In respect of both employers’ and public liability claims, the recent decision against the government arguably increases the risk of claims, with identification of failings in the early weeks of the pandemic in relation to care homes. If claims are pursued against the government by the families of residents or employees (and limitations will soon be coming into view) then care providers may well be named too.
Conversely, compliance with government guidance (even where now seen as flawed) in the early phases of the pandemic may provide opportunities for care providers to defend claims and/or create opportunities for contribution or recovery where claims are brought against care proprietors alone.
We can also imagine a situation where Government policy (easing restrictions) is diverging from traditional employers’ duties. Can an employer or care home proprietor claim compliance with regulation as an answer to allegations of breach of common law duties of care?
These are all important questions that impact the debate around the liability of employers and occupiers during the pandemic; however, the bottom line is that claims based on the assertion that COVID-19 was contracted due to employers’ negligence remain very difficult to prove due to the difficulties in establishing causation.
Causation is difficult to prove
The issue of causation is proving a challenge for claimants making civil claims for negligence or breach of statutory duty and is mitigating the surge of claims that were first feared.
Notwithstanding the causation barrier, in the event an employee intimates a claim in respect of working from home, it can be more difficult for insurers to investigate claims than say where staff are working on company premises. It may therefore be necessary to modify your processes and consider requests for extensions of time as a matter of course to ensure that you are able to comply with investigation and disclosure deadlines.
However, on the other side of the coin, some claims related to working from home may still be in the pipeline and it will be some time before we would anticipate receiving requests for extensions to primary limitation periods due to ongoing issues around delays to medical appointments and obtaining medico-legal evidence.
While there has not been a huge wave of liability type claims so far, there remain concerns that employers may face claims for personal injury and loss by employees as a result of COVID-19 directly or indirectly due to its changes to workplace practices and conditions.

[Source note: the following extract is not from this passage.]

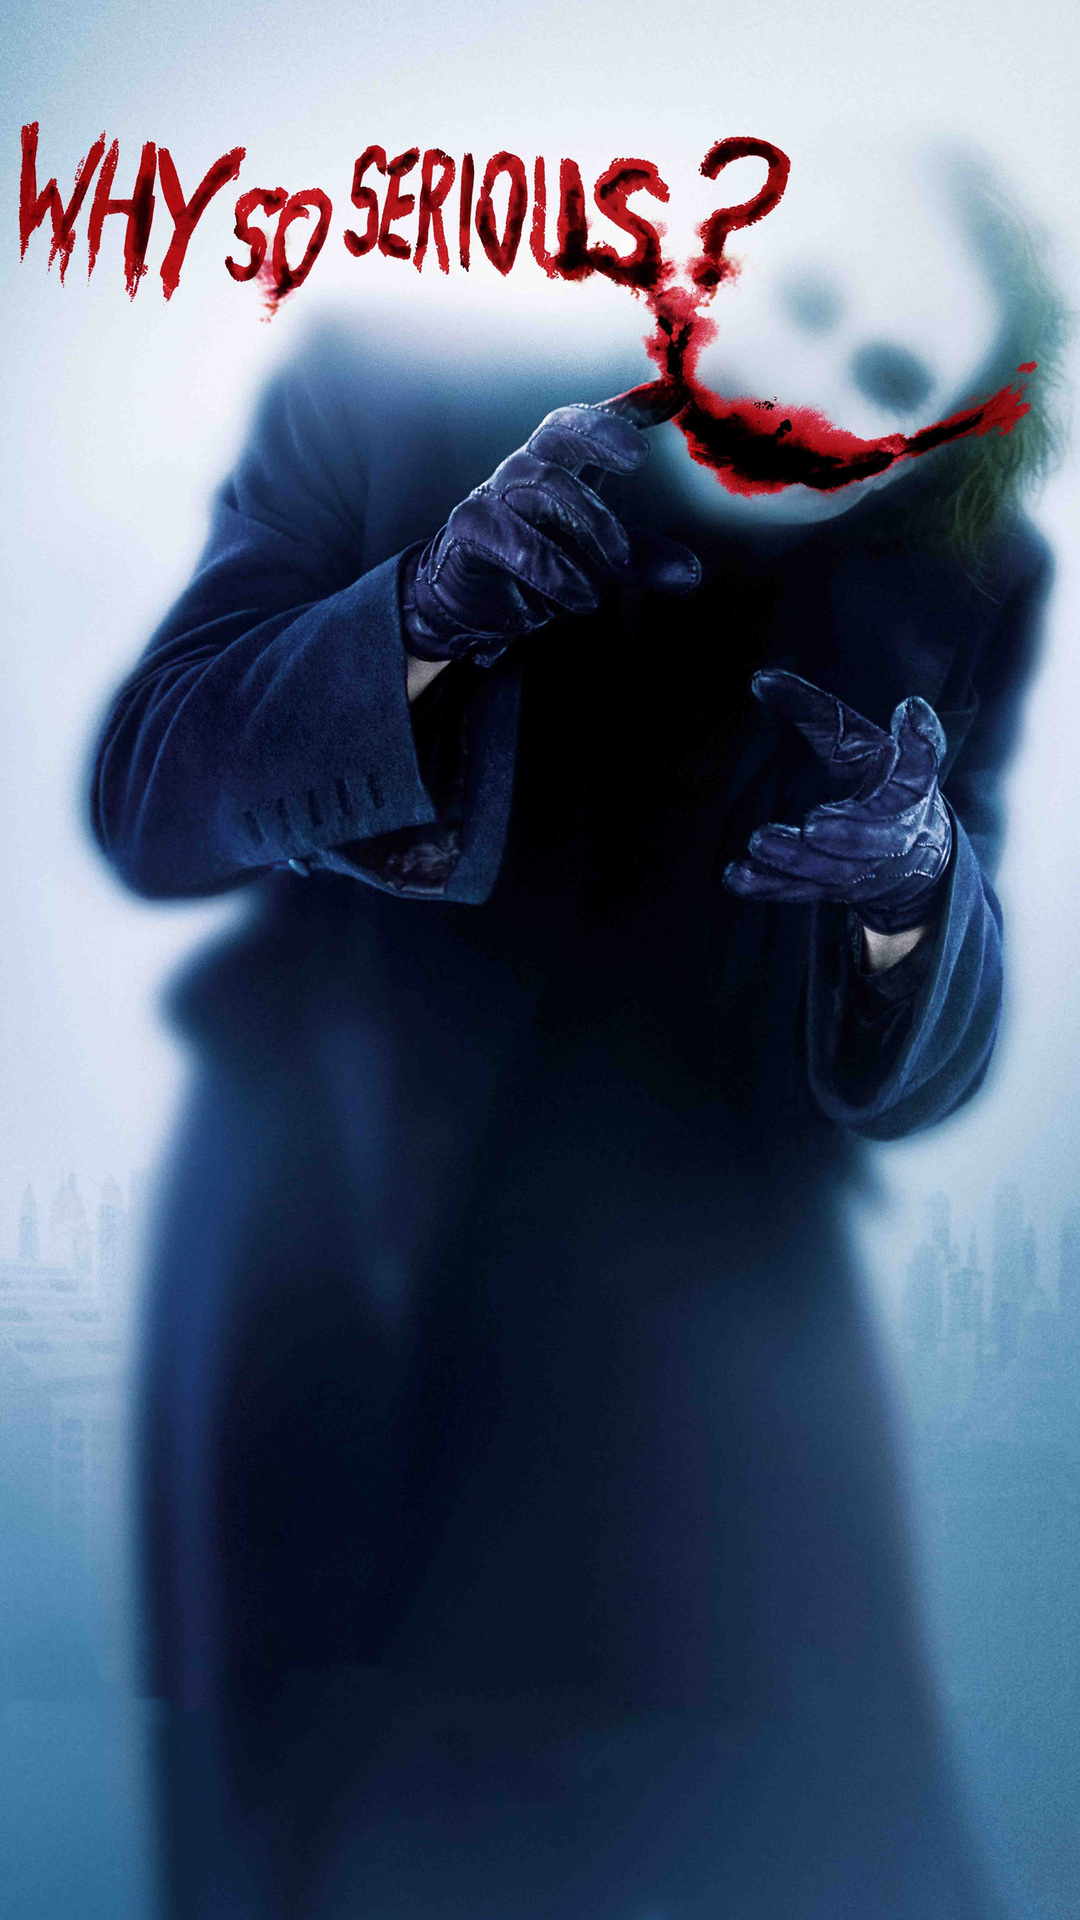 Joker Wallpaper Iphone 6 Plus 28 Images Iphone 6 Plus

Working from home and inadequate workstation PPE can cause repetitive strain type injuries. In addition, there is a tendency to be “always available” with the usage of virtual meetings, some of which can lead to overburdening the employee. We have seen claims for work-related stress referencing the change of approach since working from home was introduced again indirectly attributable to the pandemic as an unintended consequence.
The COVID-19 “claims epidemic”
A recent survey of the London Solicitors Litigation Association found that 78% of lawyers expected a rise in COVID-19 related claims across categories, including more insolvency-related cases and claims related to supply chain disruption. While these may not translate into liability claims, it will be important to maintain a watching brief on all developments to ensure any emerging claims are handled appropriately.
The management of liability claims relating to COVID-19 will be complex and likely require specialist expertise to achieve the correct outcomes.
The COVID-19 pandemic served as a warning shot for the industry about managing systemic risk more effectively and it is important for insurers to continue to proactively review their potential liabilities (including, in particular, their policy wordings to avoid future ambiguity) and streamline their processes to reduce friction for themselves and potential claimants in order to reduce unnecessary costs and control claims inflation.